明明說了讓女郎那么傷心的話,他怎么還笑得出
慶峰眼疾手快將人扯到一旁,瞪著小觀問“你家女郎,哭過沒有,為我家大人,咳,有沒有和你們提過他。是恨還是怨”
還不快說,師叔笑得越歡可不代表心情越好。
小觀呆了下,是恨是怨,這兩者又有何區別。
可是這屋子里的人,都盯著她,等一個回應,小觀哭著道“沒有,女郎人好好的。

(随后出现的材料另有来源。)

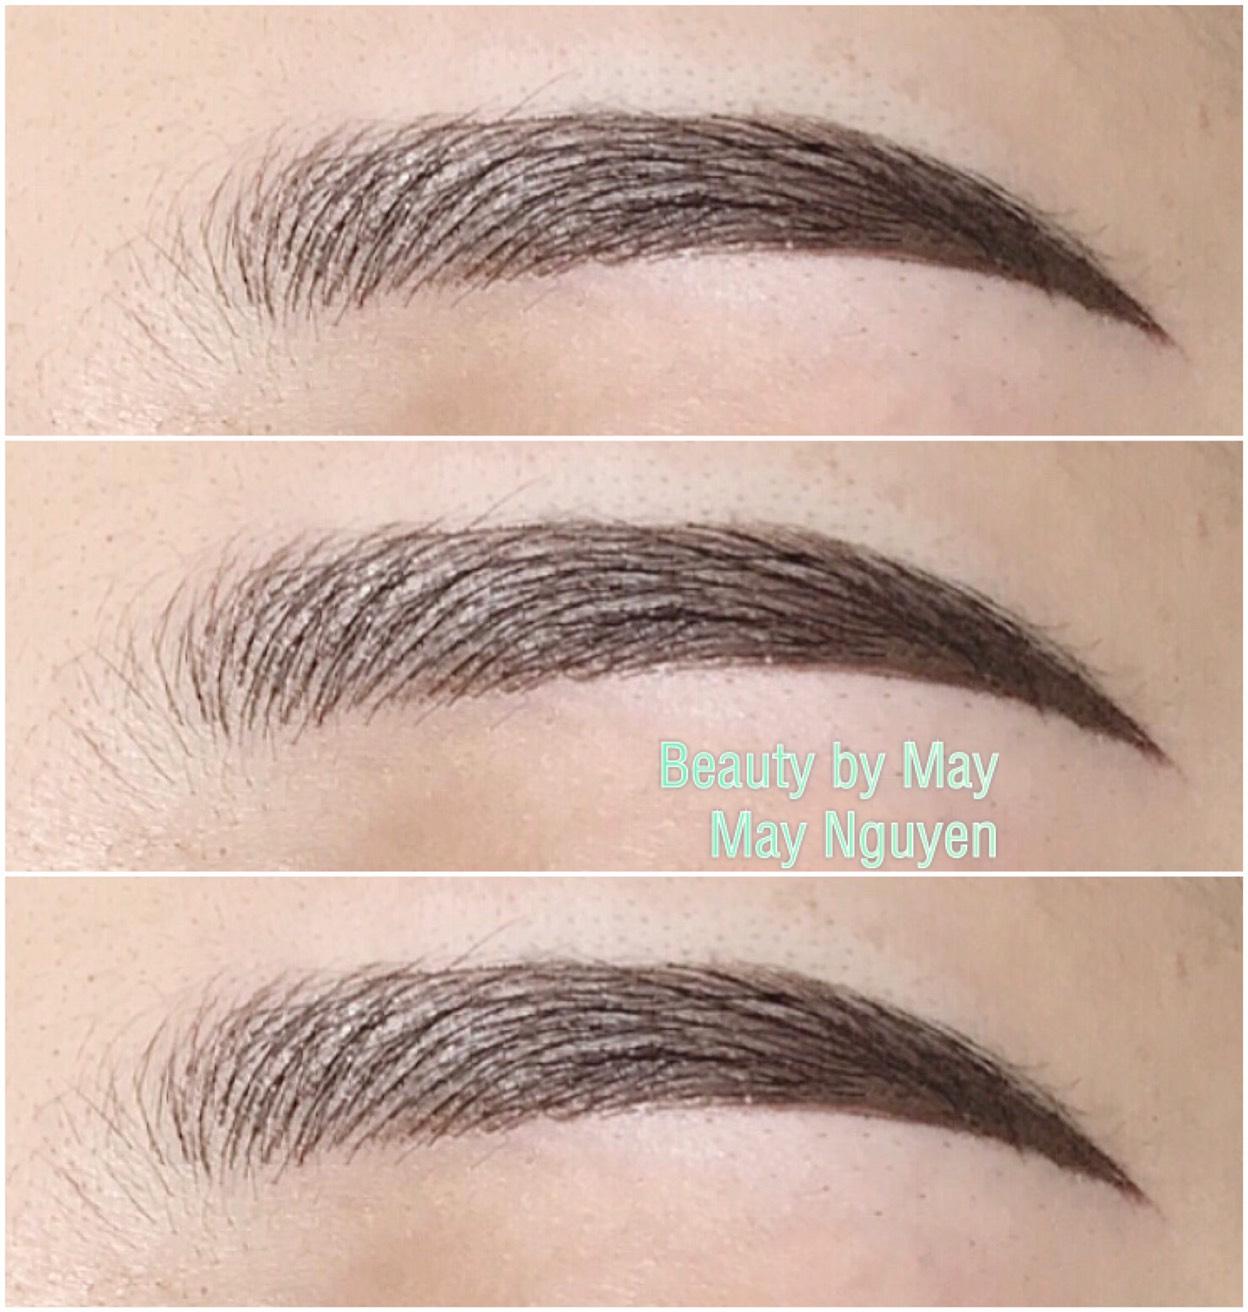 ca231badb88 beautybymay.com - Brow Microblading - Makeup Artist, Eyelash ...

”
好到,是叫她和阿母都詫異的程度。
原以為女郎很是難過,可是除了那天胃口不佳,吃得少了些,后來就和平時一樣了。
就是比往常,在房里一個人待的時間門久了些。
小觀湊過去瞧的時候,寶嫣都是在寫家書,發現她以后,就不讓她看了,會打發她先去忙別的。
“大,大人,該說的奴婢已說完了,可能放奴婢走”
小觀“再不回去,女郎身邊無人伺候,她也會擔心的。”
座椅上的高大郎君瞳色晦暗,一片深黑,直接越過她對下屬吩咐“帶她下去,等蘇氏女來了,再放她走。”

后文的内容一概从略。